Also see the list of articles, none to be taken seriously.
News.Com: Fighting for a new Net copyright deal. Q&A with Lawrence Lessig. We're ready and eager to build a large grassroots organization of people who demand of Congress that it do something to restore some balance here. This petition is a first step toward going to Washington and saying that there's a large number of people who want you to consider this. [via Tomalak's Realm]
Aaron sums it up nicely:
Everything is under copyright. But most of those things aren’t making money, so no one cares about their copyright anymore. The Eldred Act will let you use those things.Sign the petition. Tell your friends.
[via Aaron Swartz: The Weblog]
OpenLaw.org. Wendy Seltzer.
Parallels between law and open source software. It's generally public, has a revision history, forks and joins (Supreme Court over differing circuit courts). But process of forming arguments hasn't been public. So they opened up the process to the public in Eldred vs. Ashcroft. Now opening the DeCSS DVD DMCA case.
Developed an annotation system to comment on or rebut other web pages. Looked like a scrollable iframe with the original site on right, with comments in parallel on left. The courts have accepted their amicus briefs, and they have submitted comments to Copyright Office. Archives of case material, opinions, articles, etc. Important take-away from the session: now I know how to pronounce “amicus.” Or I thought I had just learned, but Larry Rosen behind me pronounced it a different way.
Often just the threat of monetary losses in cease-and-desist letters is enough to shut the site down, independent of legal merit. “Shadow of the law.” Example: “you are sharing approximately 0 song files”. Little cost to send C & Ds.
So Chilling Effects archives and publicises them, increasing the cost of sending them by shaming the companies. This also spreads knowledge of the issues.
Update: Donna Wentworth at Harvard Law picked up this entry and provided the link for the C & D example. See her entry for more notes. Thanks, Donna!
Interesting panel discussion.
#1 - Sleepycat CEO
#2 - Lisa ?; lawyer
#3 - Aaron Swartz
#4 - Larry Rosen
Open Source (free because it's useful, strategic) vs. Free Software (everything should be free) vantage points.
Q. Creative commons vs. source license? Larry Rosen: Courts have confused the issue of software IP by applying both patents and copyright to it. [I'd wondered about this problem; software is kind of in the middle of both and neither is quite right.]

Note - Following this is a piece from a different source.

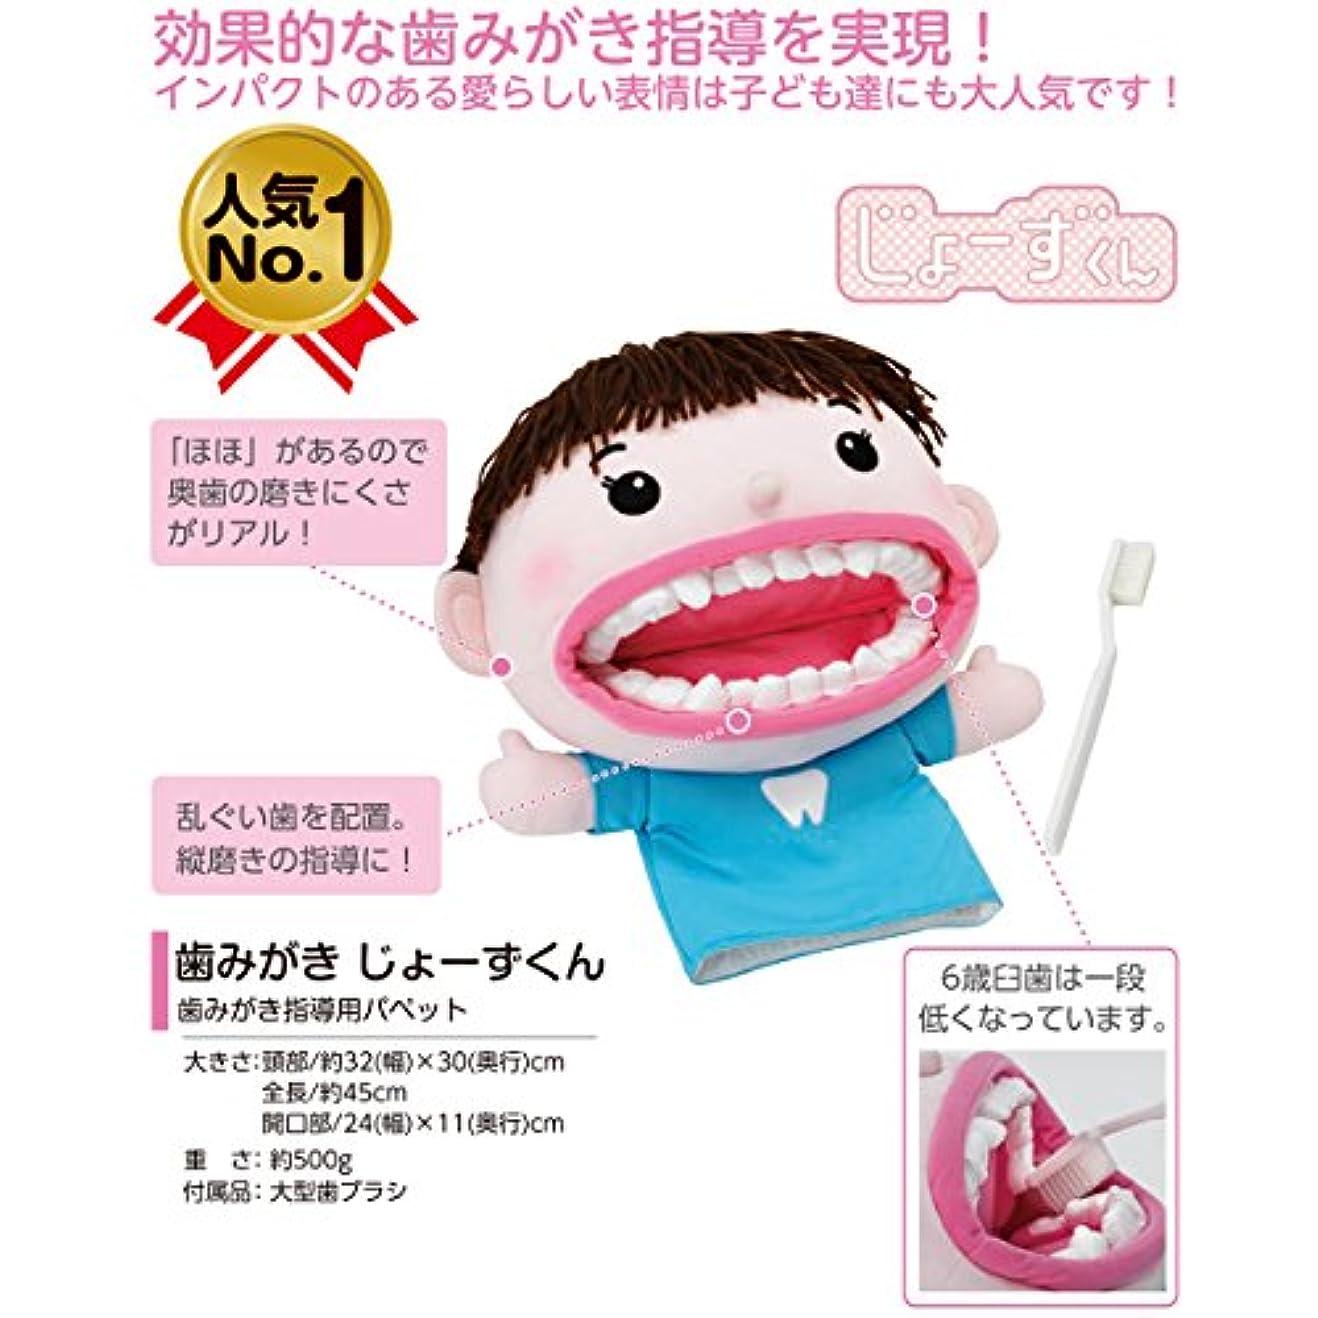 原稿排除する生息地歯みがき じょーずくん 歯磨き 指導用 教育用 パペット 人形 ぬいぐるみ
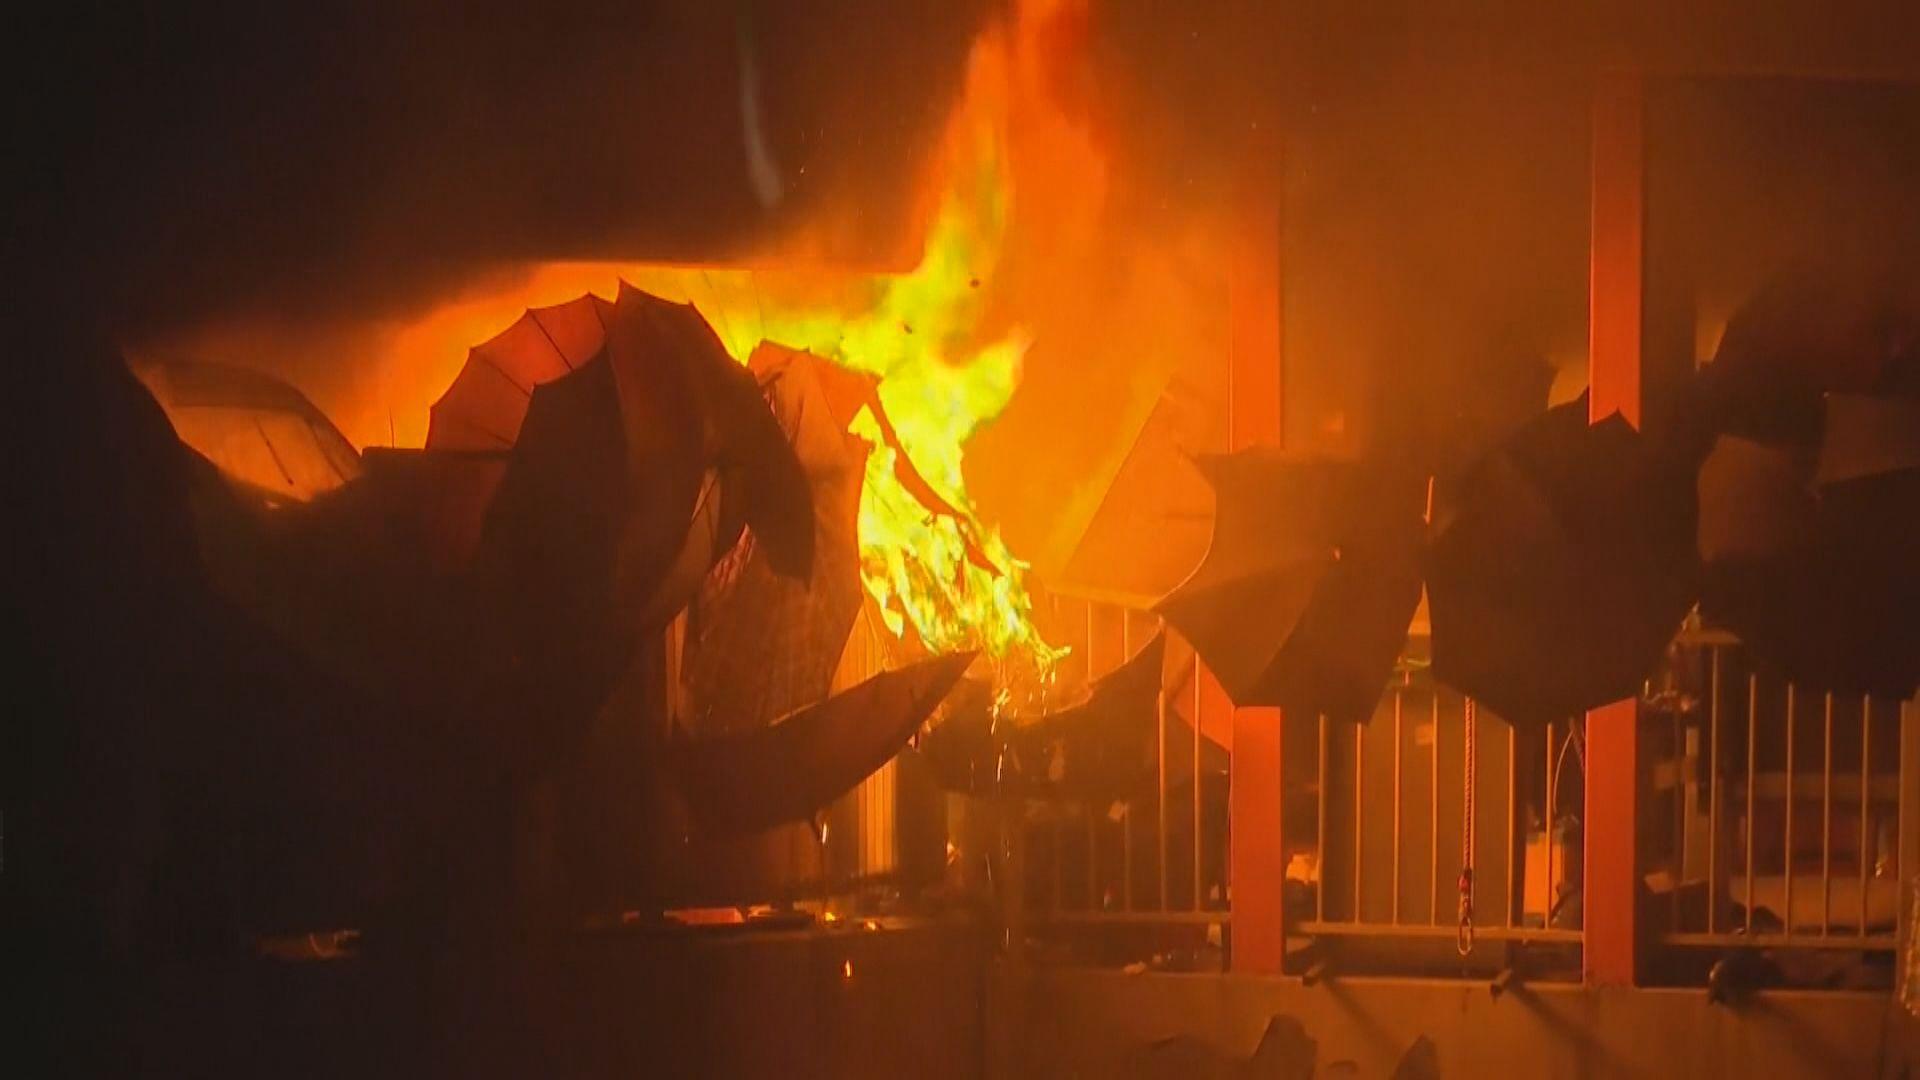 紅磡站通往理大天橋被縱火

Q. W3C DTD & Schema copyrightable? W3C says yes. But would content using that schema be copyrighted by the W3C? Lisa: Functionality/methods can't be covered by copyright. --maybe that applies to this case.
OpenOffice person in audience. Teddy Ruxpin case—successful contributory copyright lawsuit. Bootleg cassettes made Ruxpin tell different stories, make different movements.
Q on "Infected" code (could open source contain stealth IP)? Topical; SCO lawsuit.
Aggregation. Aaron: It's obviously illegal to put scraped feed contents on your page without attribution, obviously legal to write a tool that scrapes to generate feeds. Dave Winer: case of someone who didn't know RSS was generated auto by Radio. Got mad when it appeared on someone else's site. After that was explained, problem kind of disappeared.
The RSS topic was starting to get too long and the moderator wanted to switch subjects, before I could get my question in, which was exactly along those lines. He said to defer those questions to Dave Winer’s keynote tomorrow.